Market Pulse
December 2025
Authored by Jeremy Robert
Markets were choppy for much of November due to investor unease related to a cooling labor market and declining consumer confidence. A prolonged government shutdown added to market uncertainty resulting in the delayed release of key economic data metrics. Against this backdrop, the S&P 500 finished the month up only 0.3%, ending more than 5% off from its October high. There was notable rotation out of high-flying technology stocks into previously underperforming, more defensive sectors like healthcare, which was the standout sector, up 9.3%. Although the technology-heavy Nasdaq fell by 1.5%, technology companies remain in focus as investors eagerly wait for a return on the massive AI investment, of which the timing remains uncertain. Meanwhile small-cap stocks (Russell 2000) were higher by 1%, and international stocks (MSCI ACWI Ex US) were up a modest 0.12% for the month. Fixed income continued to perform well, as rates fell modestly across the curve resulting in the U.S. Aggregate Bond Index rising by 0.62% and the yield on 10-year treasuries declining to 4%.
We continue to have limited insight as it relates to economic data, given the government shutdown delay. The Federal Reserve emphasizes its need to balance their dual mandate of price stability and full employment. Inflation is moderating but seems to have stalled out at an annual rate of 3%, well above the Fed’s 2% target. The labor market is experiencing a slowdown, characterized by weak hiring, increased layoffs and a general “slow hiring, slow firing” environment. Total nonfarm payrolls for September edged up by 119,000 (last data point), a slower pace of growth that has shown little change since April. The official unemployment rate for September 2025 was 4.4%, an increase from 4.3% in August with expectations for the rate to continue to rise. The market is currently pricing in a more than 90% chance the Federal Reserve cuts on Dec. 10 by 25bps, but the path forward is less certain. Investors will be listening closely to the Federal Reserve’s language to gain clues about the rate cutting cycle going forward, as some Federal Reserve participants have begun to dissent with some believing we need more cuts and some who believe we should be patient.

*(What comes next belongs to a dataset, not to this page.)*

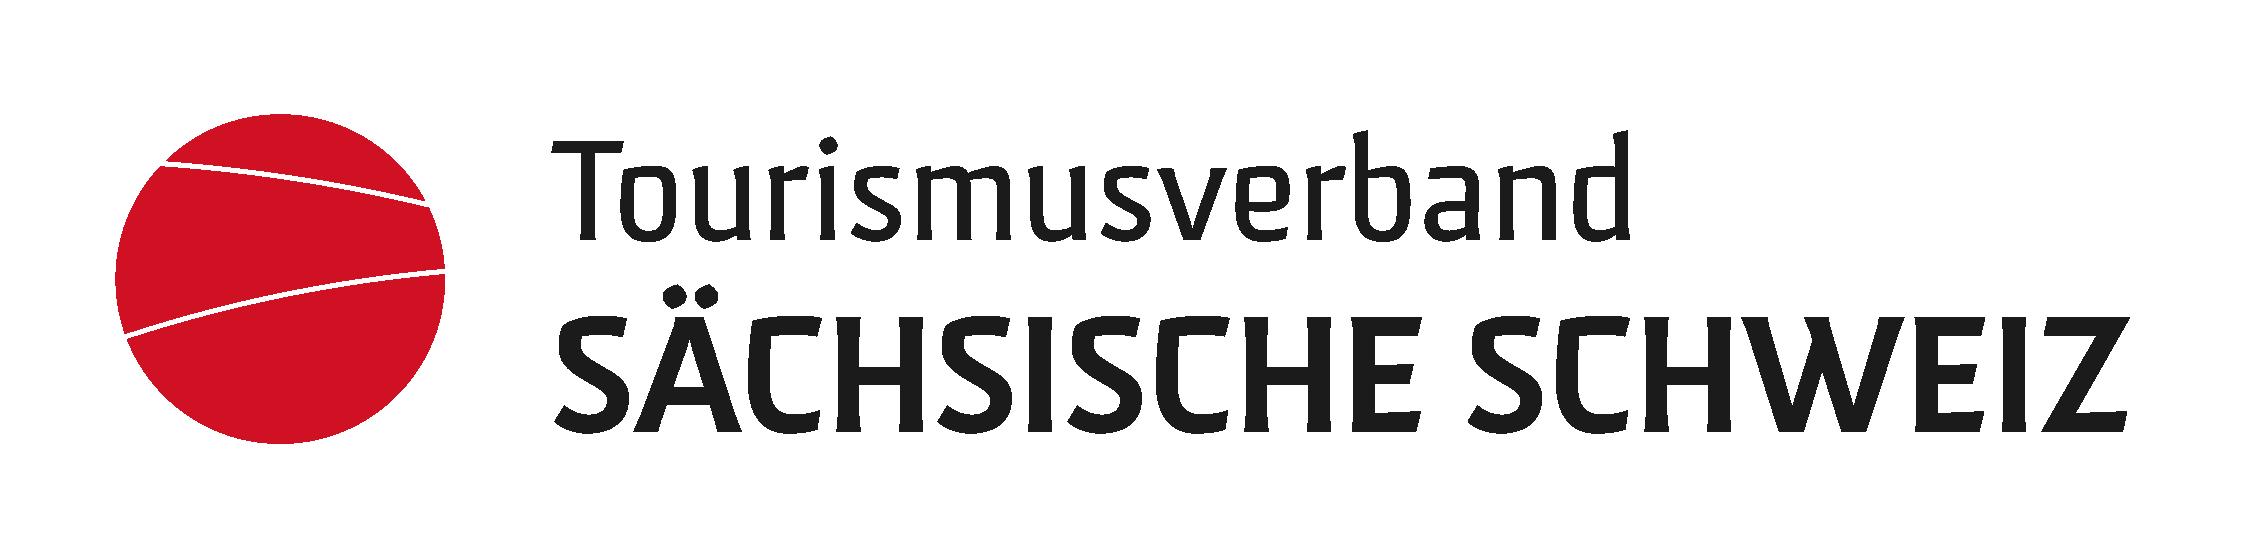 Logo Tourismusverband Sächsische Schweiz e.V., Projektkoordination Elberadweg-Süd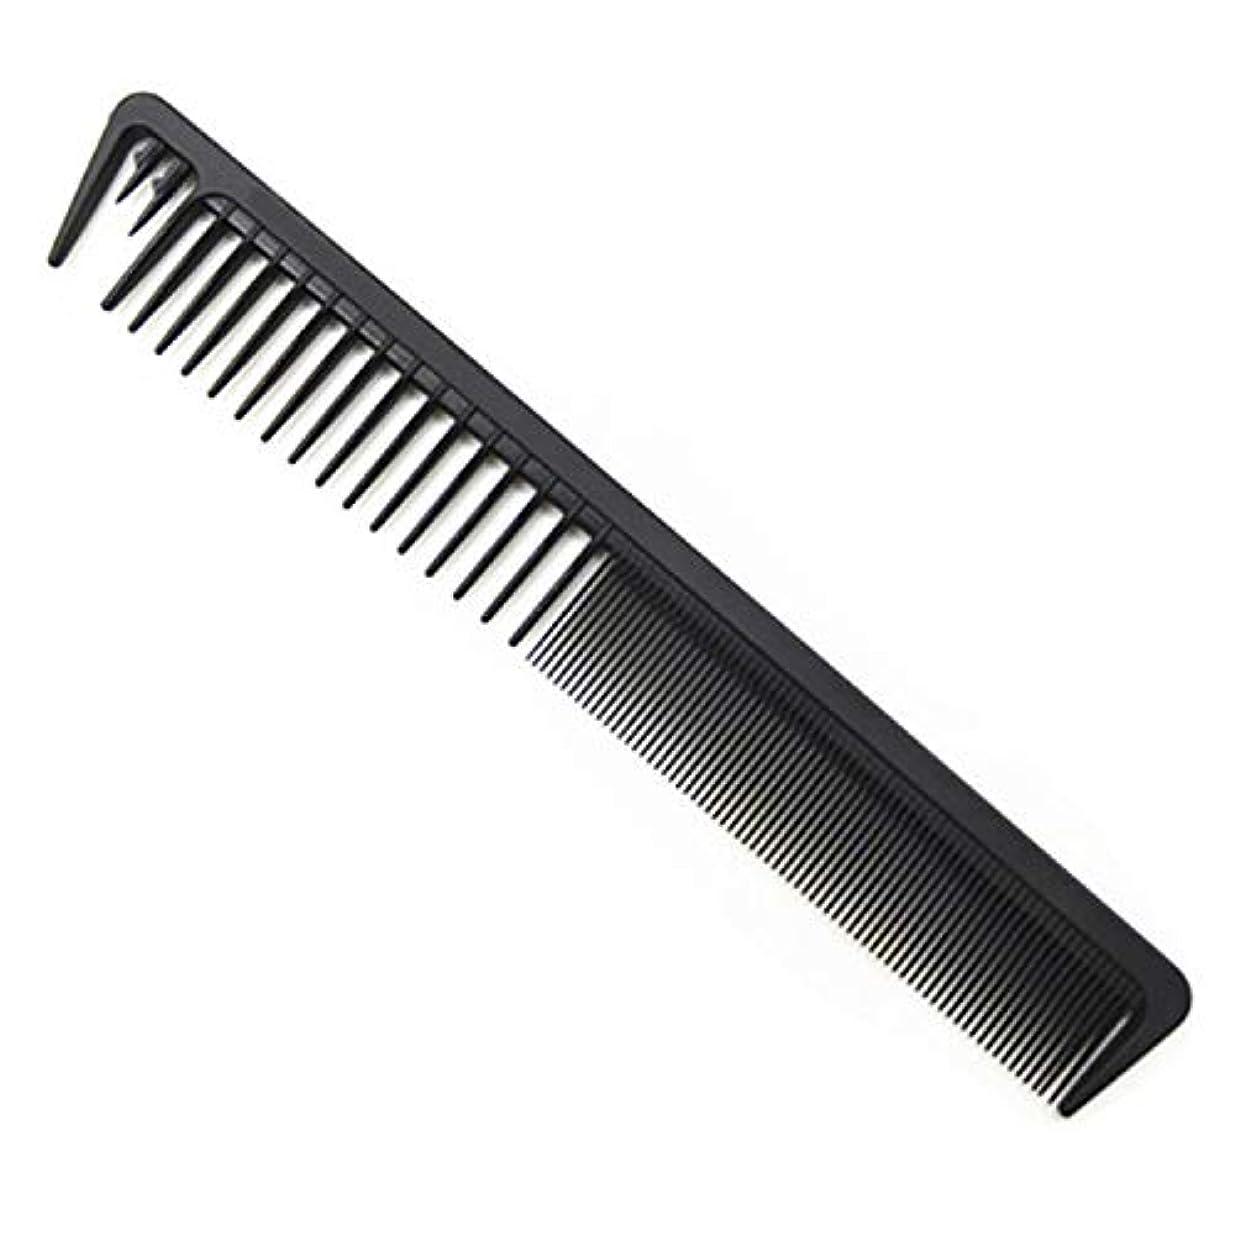 外部重要性調停するカットコーム 櫛 おやれなヘアくし 美容師用 ヘアケア 静電気防止 プロ用カットコーム ウェット ドライ兼用

Q3 earnings season continued to show strong performance from companies in the S&P 500, delivering an earnings growth rate of 13.1% year-over-year. This was significantly higher than initial analyst estimates of 7.9% and marked the fourth consecutive quarter of double-digit earnings growth. Strong performance can be attributed to the technology sector, driven by continued capital expenditures focused on artificial intelligence and solid numbers by financials. We did see strong earnings across the board with 82% of the S&P 500 companies beating consensus earnings per share (EPS) estimates, while 81.6% surpassed revenue forecasts. Despite the strong results, market reactions were often cautious, with less price appreciation for beats and greater punishment for misses than historically typical. Looking ahead, earnings guidance has been mixed for Q4 2025 as 52 S&P 500 companies have issued negative EPS guidance, while 48 have issued positive EPS guidance. For Q4 2025, the estimated year-over-year earnings growth rate for the S&P 500 is 7.7%, which would mark the lowest earnings growth for the index since Q1 2024. Valuations remain rich relative to history but have compressed a bit with the forward 12-month price earnings (P/E) ratio for the S&P 500 at 22.4, above the five-year average (20.0) and 10-year average (18.7).